ADAR1 Activity Luciferase Reporter HEK293 Cell Line
ADAR1 Activity Luciferase Reporter HEK293 Cell Line is a HEK293 cell line designed to monitor the activity of ADAR1 (adenosine deaminase acting on RNA) enzyme. These cells were engineered to express ADAR1 (NM_001111.5) and an ADAR1 reporter construct comprised of an ADAR1 hairpin target with a stop codon (UAG) susceptible to ADAR1-mediated editing to tryptophan (UUG), located upstream of a firefly luciferase reporter (Figure 1).
This cell line has been validated by comparing reporter activation to ADAR1 Responsive Luciferase Reporter HEK293 Cell Line (#82238) and in response to treatment with ADAR1 siRNA.

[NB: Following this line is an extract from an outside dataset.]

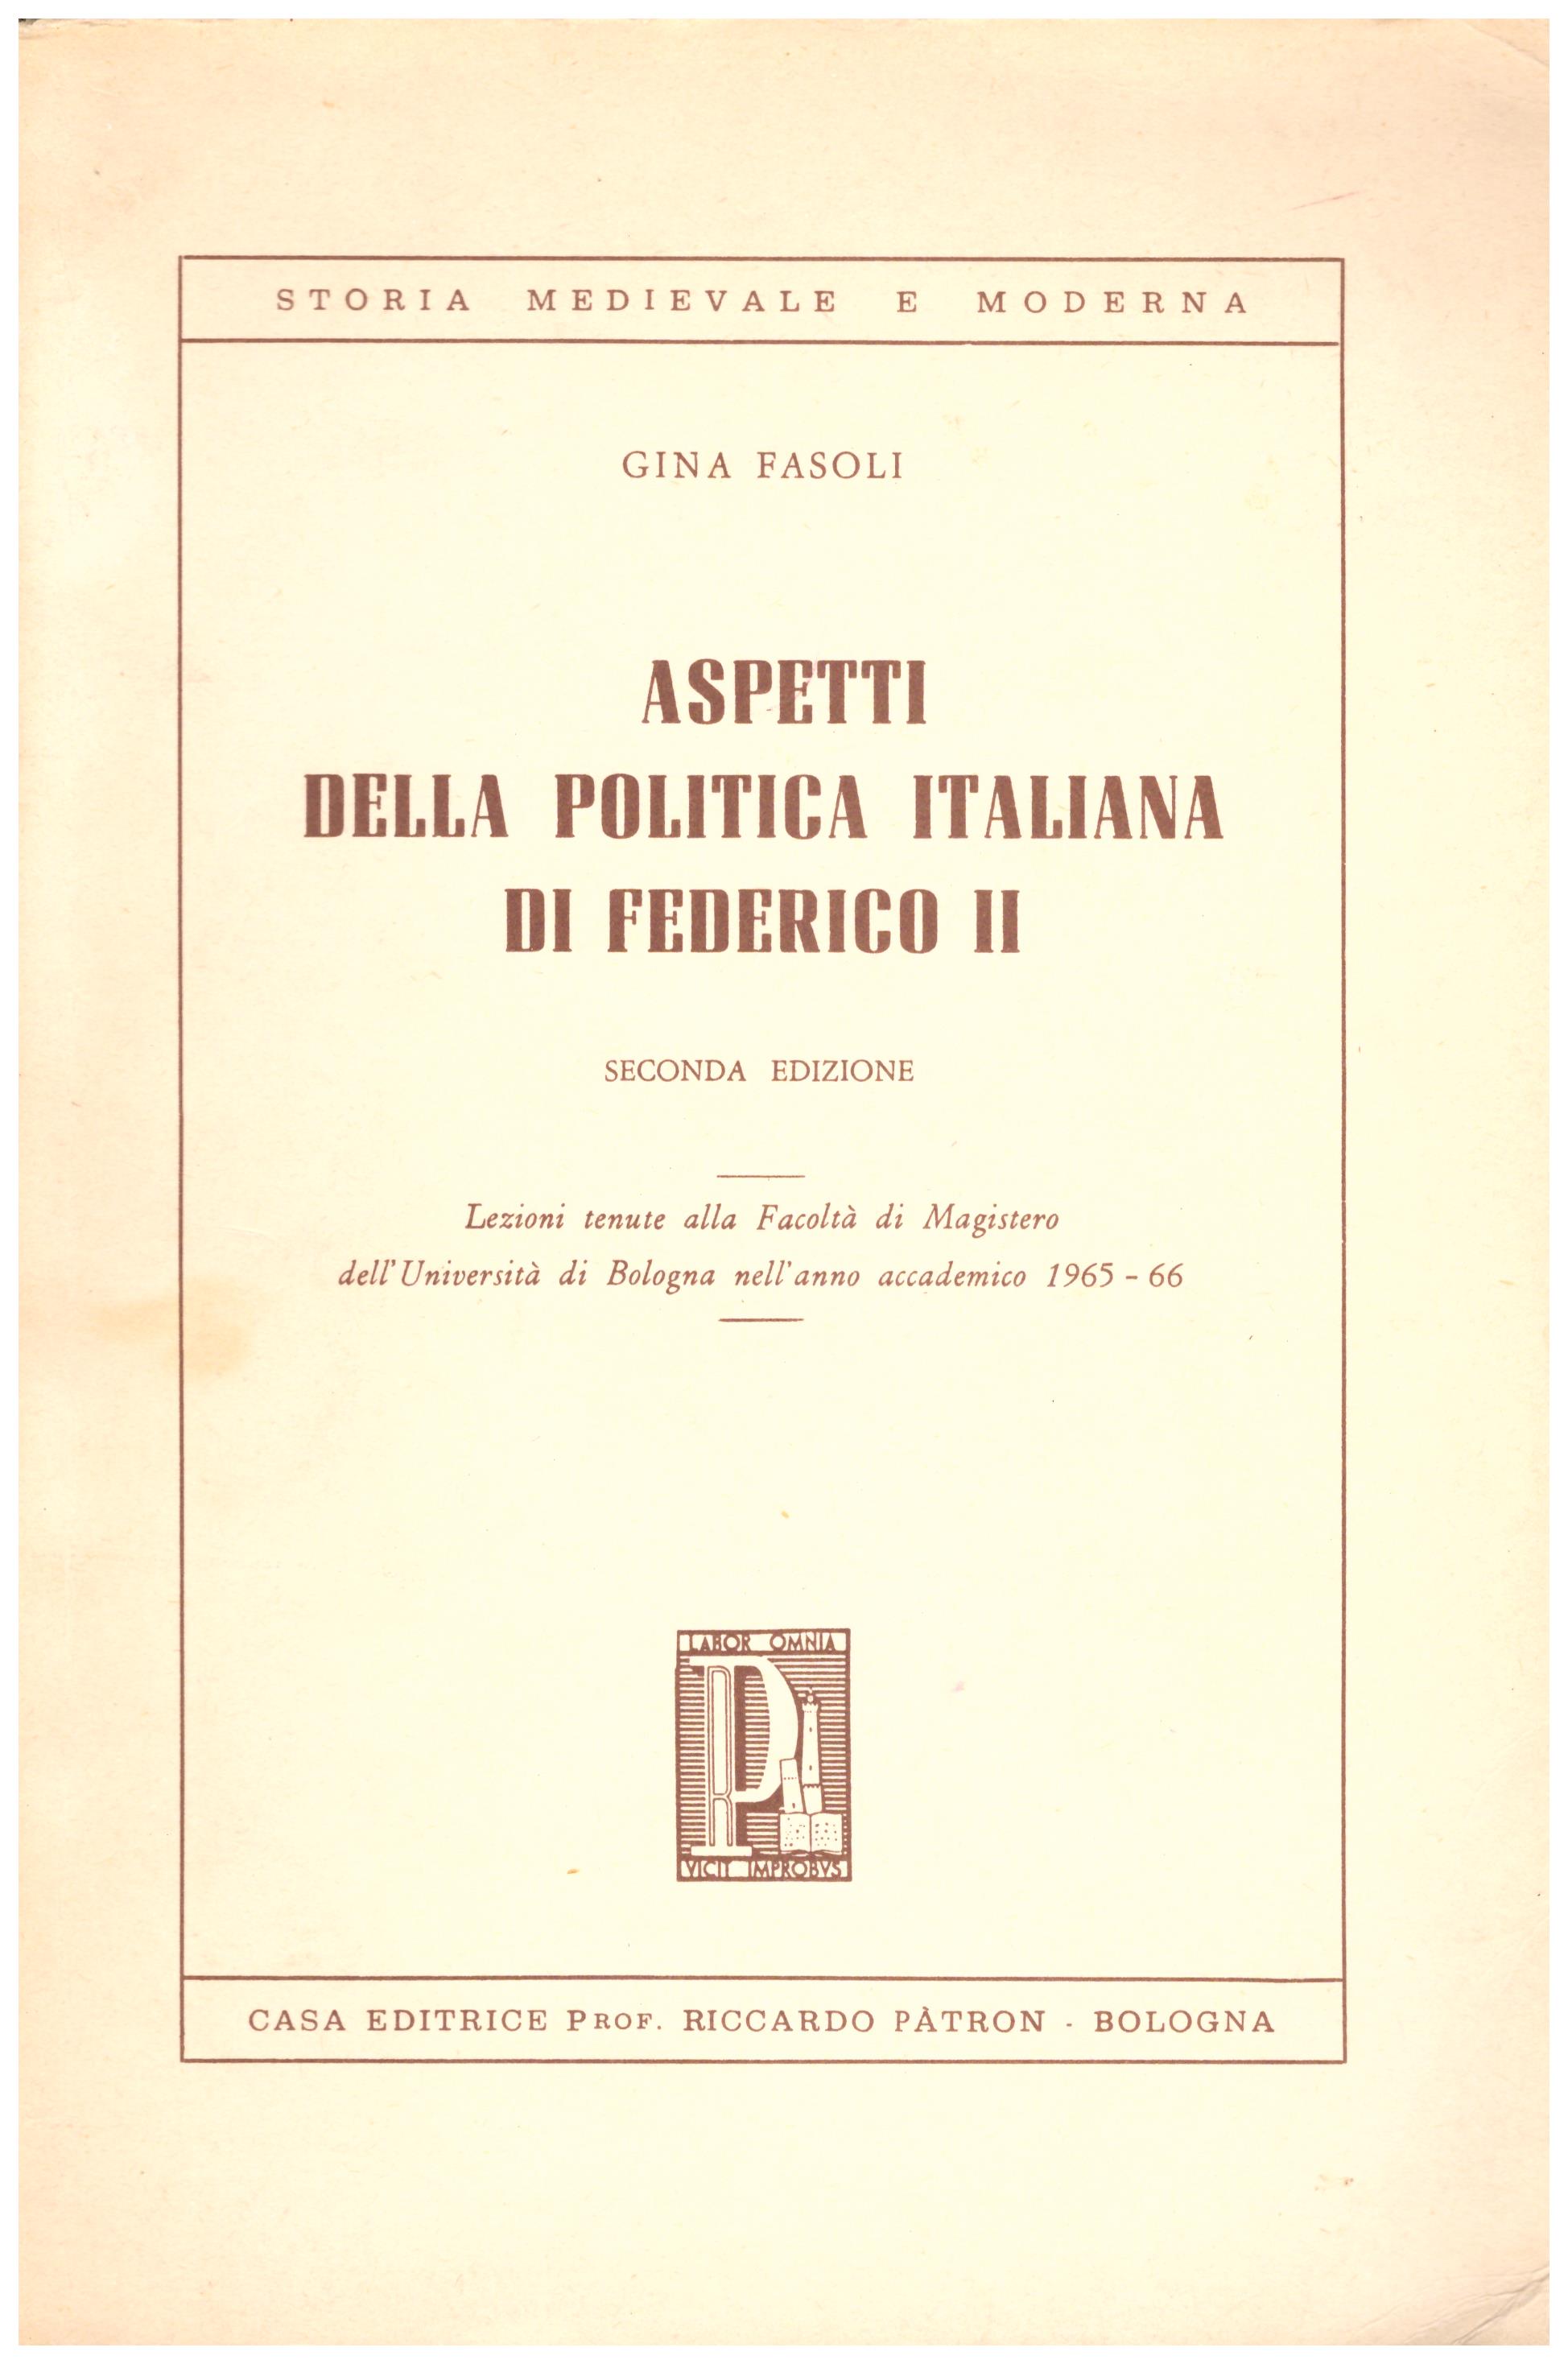 Aspetti della politica italiana di federico II. Lezioni tenute alla facoltà di Magistero dell'università di Bologna nell'a.a. 1965-1966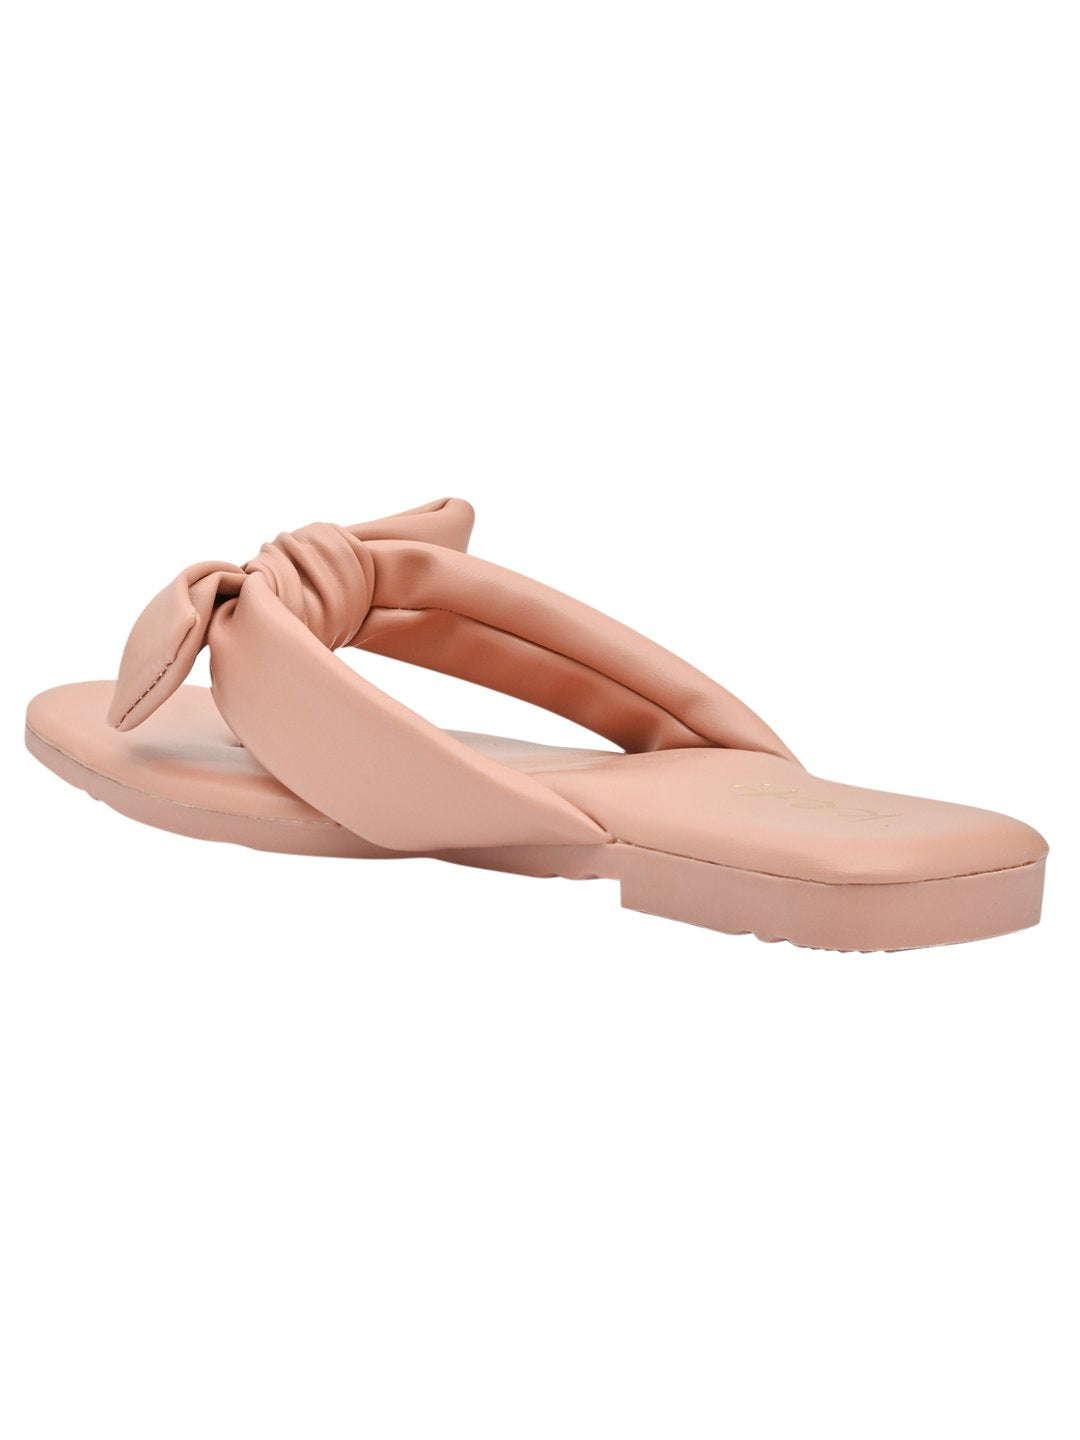 Women Footwear, Pink T-Strap Flats

Figure 1: Illustration of the mechanism of action of ADAR1 Activity Luciferase Reporter HEK293 Cell Line.
The ADAR1 reporter construct is comprised of an ADAR1 hairpin target with a stop codon (UAG) upstream of the sequence encoding luciferase. In the absence of ADAR1, luciferase is not transcribed, and the cells show no luciferase activity. In the presence of ADAR1 activity, adenine is converted into inosine, encoding now the amino acid tryptophan (UUG) and enabling transcription and expression of luciferase. ADAR1 activity, therefore, directly correlates with luciferase activity.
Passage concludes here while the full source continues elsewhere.